Artificial Intelligence: Based Approaches to Preclinical Pain Assessment

Monday, September 19th
8:30am12:00pm EDT

About the Session


  • Jennifer Lofgren, DVM, MS (USA)
  • Greg Neely, PhD, BSc (Australia)
  • Talmo Pereira, BSc, PhD (USA)
  • Guorong Wu, PhD (USA)
  • Daniel Pang, BVSc, PhD, DACVAA, DECVAA, MRCVS (Canada)
  • Scorrano Fabrizio, DVM, PhD (Switzerland)
  • Rick D’Eath, MA, DPhil (UK)
  • Duncan Lascelles, BSc, BVSc, PhD, FRCVS, CertVA, DSAS(ST) DECVS, DACVS (USA)

Measurement of pain in non-human species in laboratory, clinical and domesticated environments is limited to surrogate outcome measures due to their inability to communicate, unlike humans. In this context, the interpretation of the pain state is based on the measurement of behavior. The behavior of animals is dramatically influenced by the presence of humans, resulting in unpredictable biases during experiments.

Coupled with the increasing realization that the evaluation of complex behaviors may be more clinically relevant, has led researchers to explore a ‘hands-off’ methodology to measure complex behaviors.
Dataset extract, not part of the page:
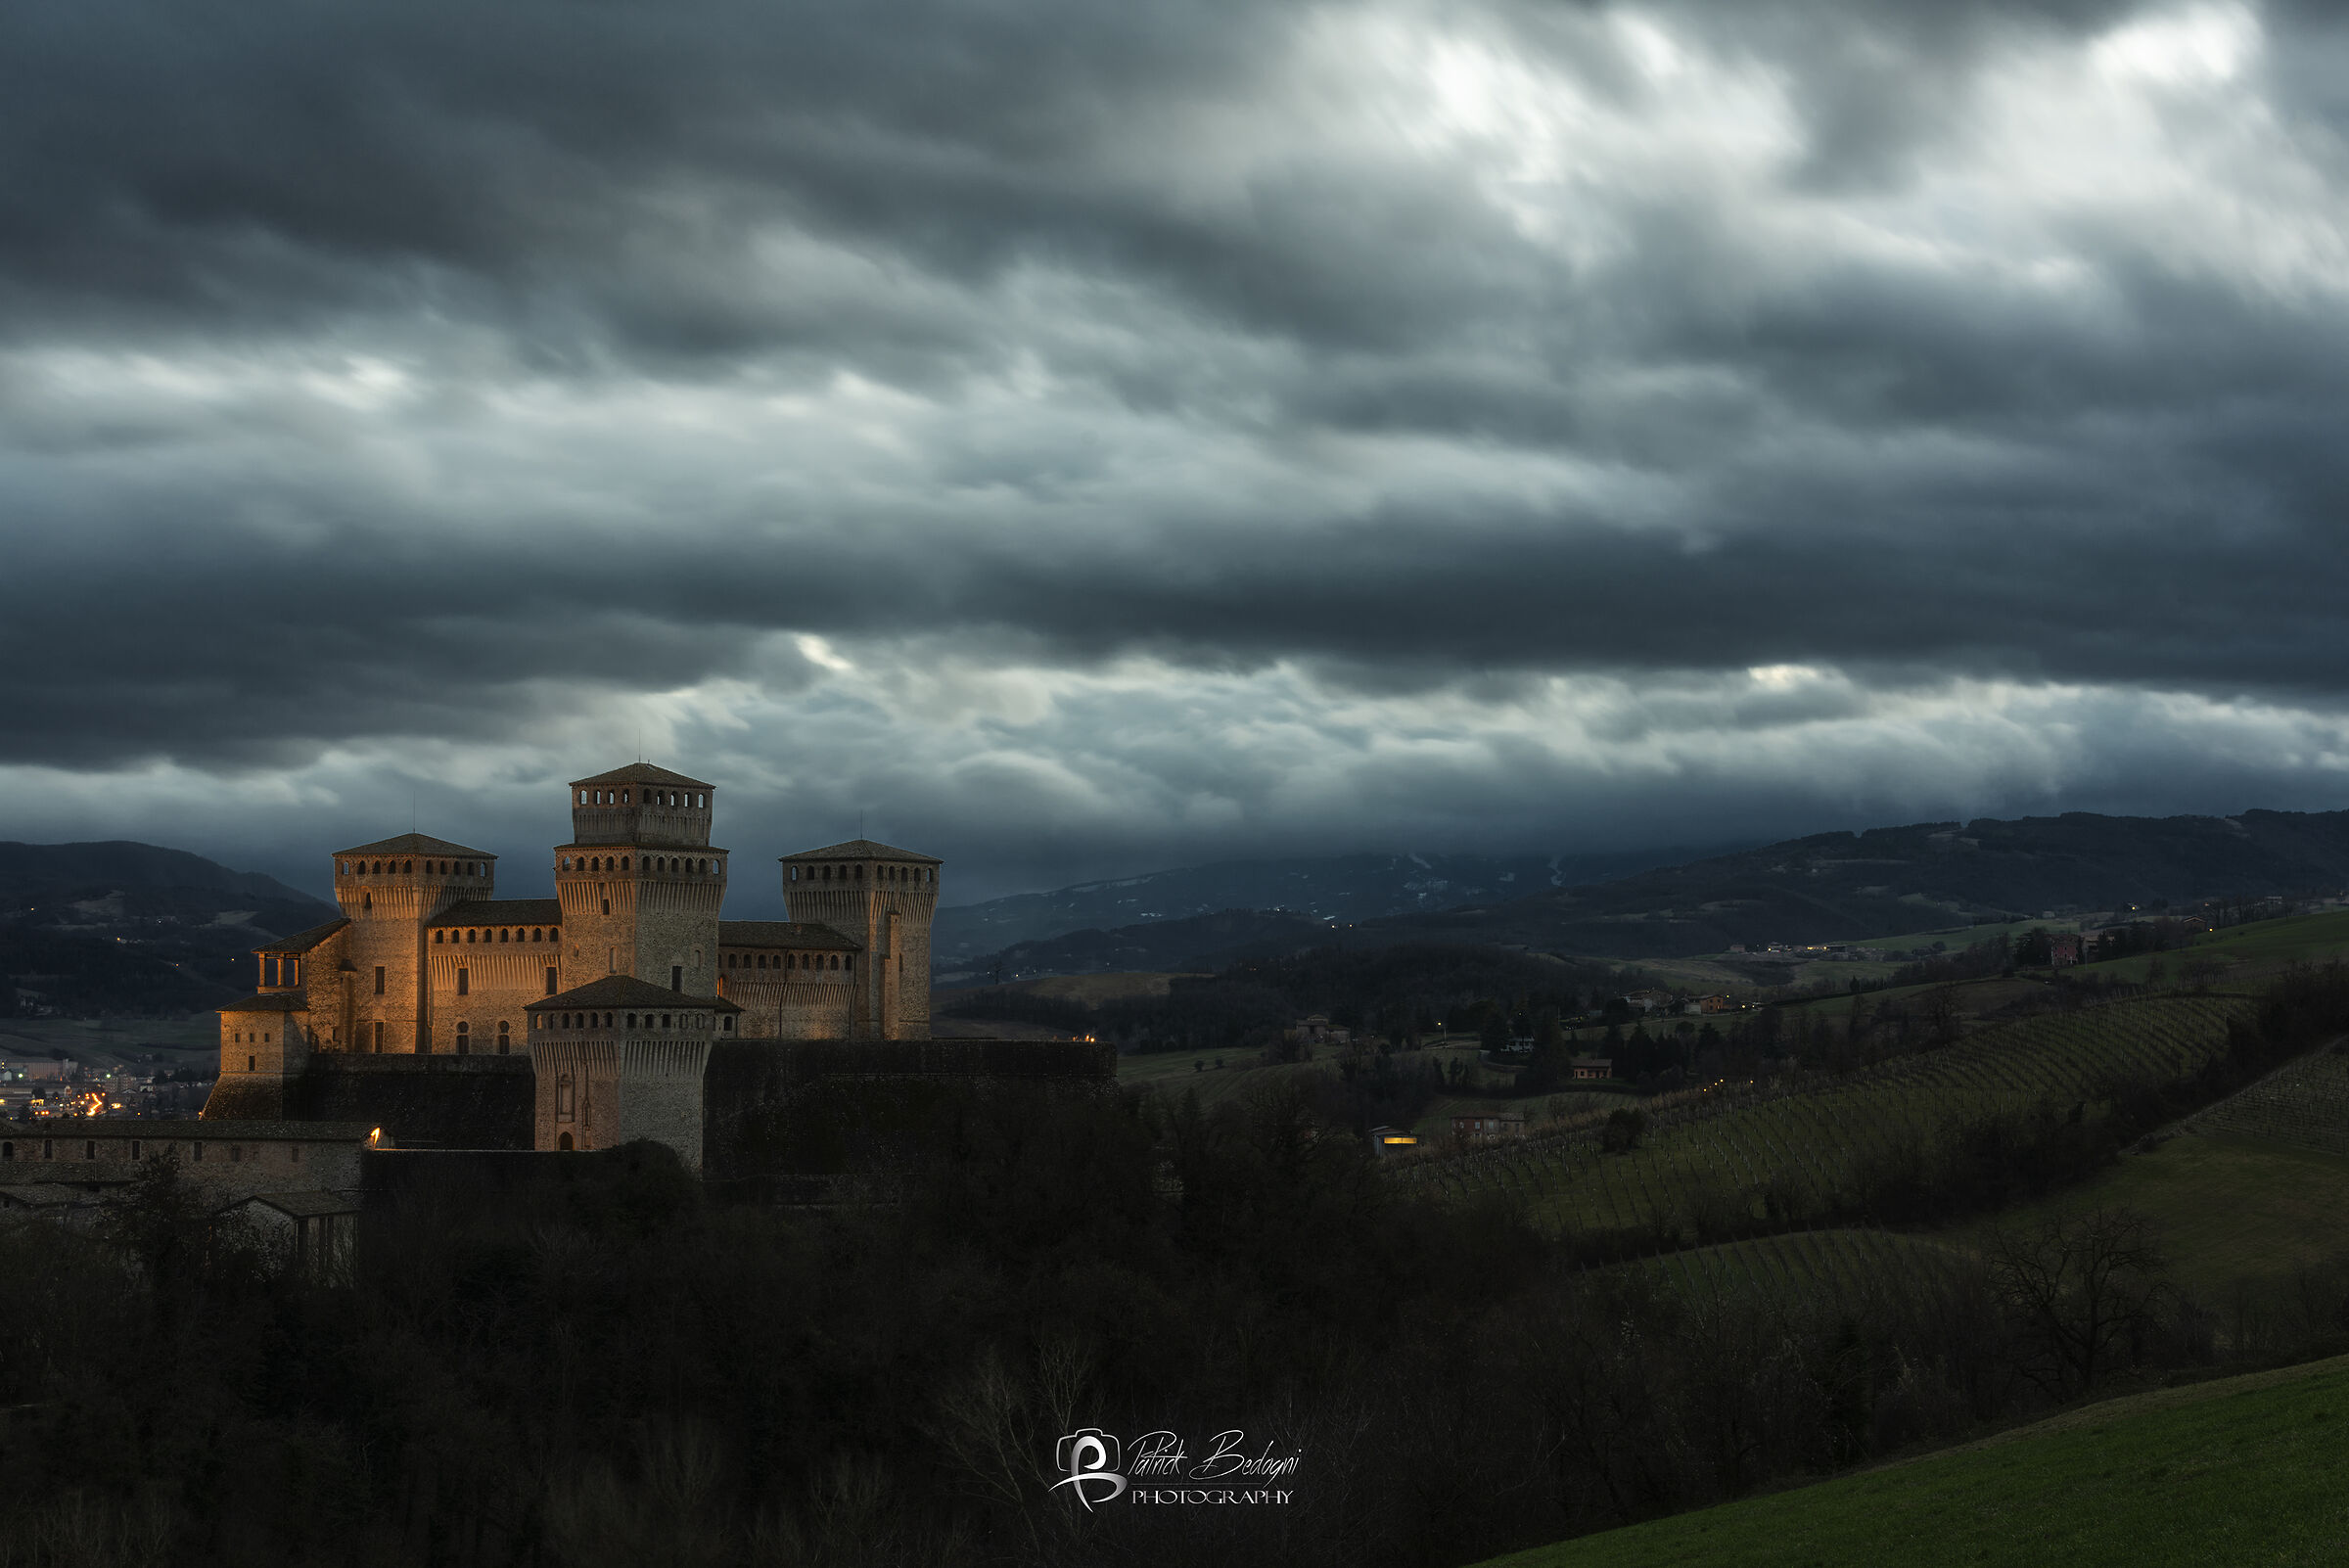 The castle of Torrechiara...

The explosive growth and availability of high-quality video and computational technology is facilitating the development of automated or semi-automated methods to capture and analyze complex behaviors as surrogate measures of pain and analgesia. Attendees will meet and interact with experts across a diverse range of non-human species (flies, rodents, companions, and farm animals) – experts who will explain, discuss and demonstrate the use of video and artificial intelligence (AI) in its application to the measurement of pain. AI-based automated video analysis is becoming increasingly available and utilized, and, as for any methodology, an awareness of its advantages and caveats will be essential for all scientists working with non-human species.